Le pourfendeur de l’évasion fiscale Jérôme Cahuzac avait un compte en Suisse. Le « shérif de Wall Street » anticorruption Eliot Spitzer a été pincé par le FBI pour avoir payé des prostituées… Dans la série des pères la morale qui sont les premiers à fauter, voici maintenant François de Rugy. Le militant écolo qui, au début des années 2010, s’était fait un nom en politique pour imposer la transparence sur les frais des députés aurait, selon Mediapart, utilisé dans le même temps cette enveloppe de frais pour ne pas payer d’impôts. Soit une pratique dont la légalité était à l’époque déjà contestée et qui est aujourd’hui clairement interdite. Cette nouvelle révélation, faisant suite aux dîners où étaient servis des homards ou aux liens très étroits avec le monde du lobbying déroulés par Les Jours (lire l’épisode 21 des Lobbyistes, « Ce lobbyiste pour lequel François de Rugy en pince »), a conduit le ministre de la Transition écologique à présenter sa démission. Afin, selon lui, de se « défendre » contre les « attaques et le lynchage médiatique » dont ferait l’objet sa famille. Sur Twitter, il a aussi comparé son cas à celui de Pierre Bérégovoy, évoquant les mots de François Mitterrand après le suicide de son ancien Premier ministre : « Toutes les explications du monde ne justifieront pas qu’on ait pu livrer aux chiens l’honneur d’un homme. »
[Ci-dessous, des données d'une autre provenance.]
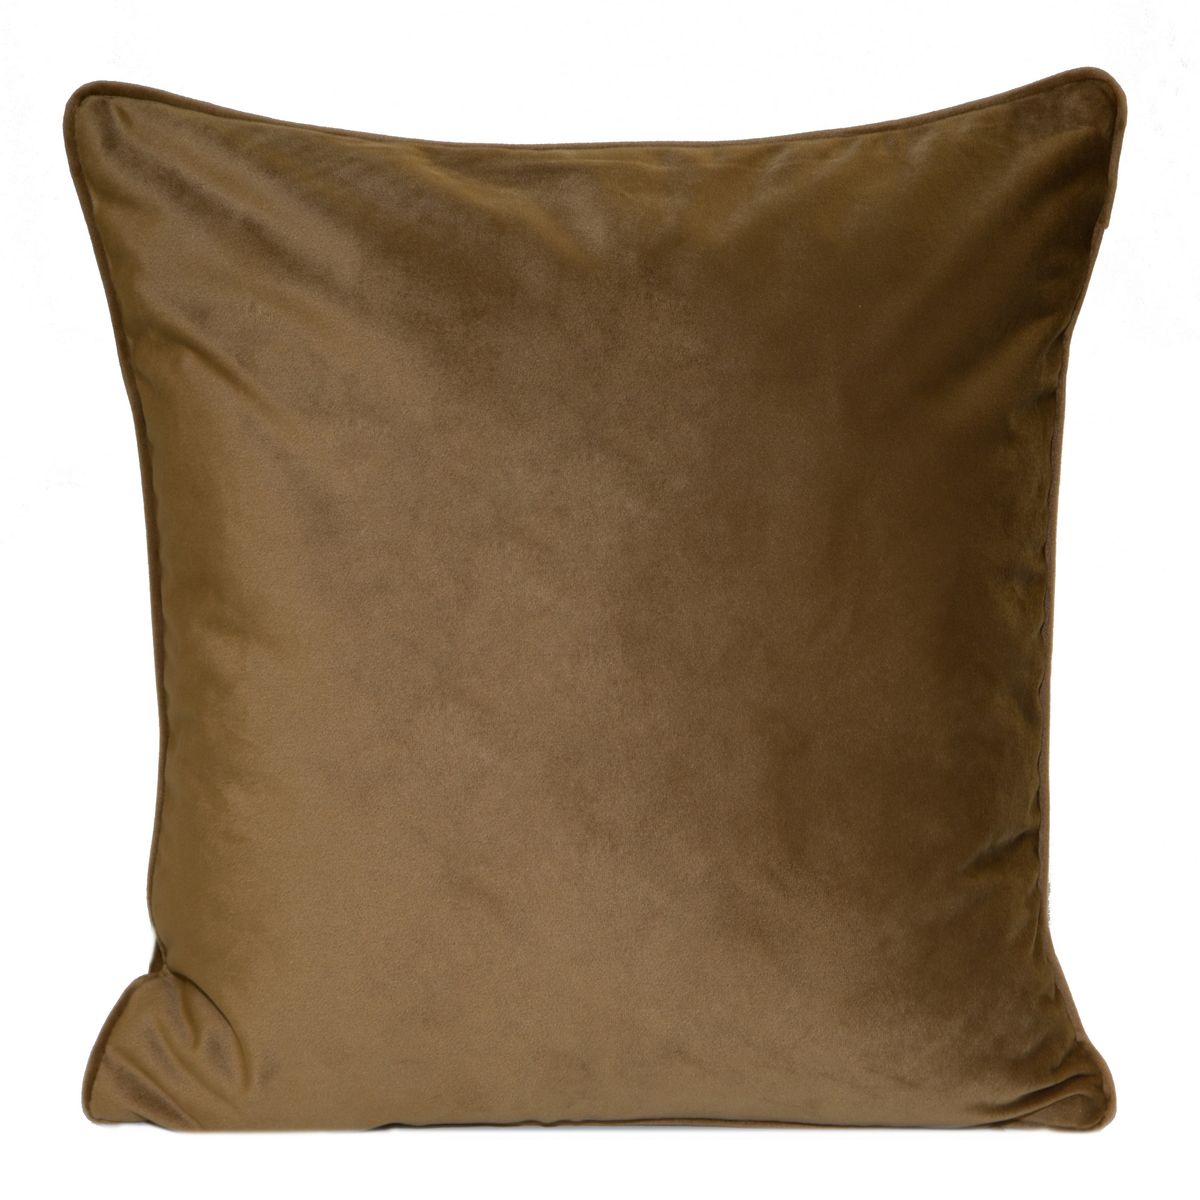 Dekoratyvinė aksominė pagalvėlė “Sibel” medus, 2 vnt.

Ce qui est reproché très précisément à François de Rugy, c’est d’avoir utilisé en 2013 et en 2014 son indemnité représentative de frais de mandat (IRFM) pour payer une partie de ses cotisations à Europe Écologie - Les Verts (EELV), le parti auquel il adhérait alors. Il aurait ainsi effectué deux versements, l’un de 7 800 euros, l’autre de 1 400 euros. Puis il aurait retranché ces sommes de son revenu imposable, ce qui lui aurait permis de ne rien devoir au fisc en 2015. Interrogé par Mediapart sur ces points, l’intéressé n’a pas répondu du tout. Il avait promis de le faire pour la mi-journée mais a présenté sa démission à la place. Est-ce un aveu ? Ou la crainte que l’affaire ne devienne pénale ?
Nous voilà en tous cas contraints de nous replonger dans une période qui semble aujourd’hui très lointaine : quand, il y a un peu moins de dix ans, l’Assemblée nationale avançait tout doucement sur le chemin de la moralisation. À l’époque, l’IRFM, qui s’élevait à 5 770 euros mensuels, était un continent opaque.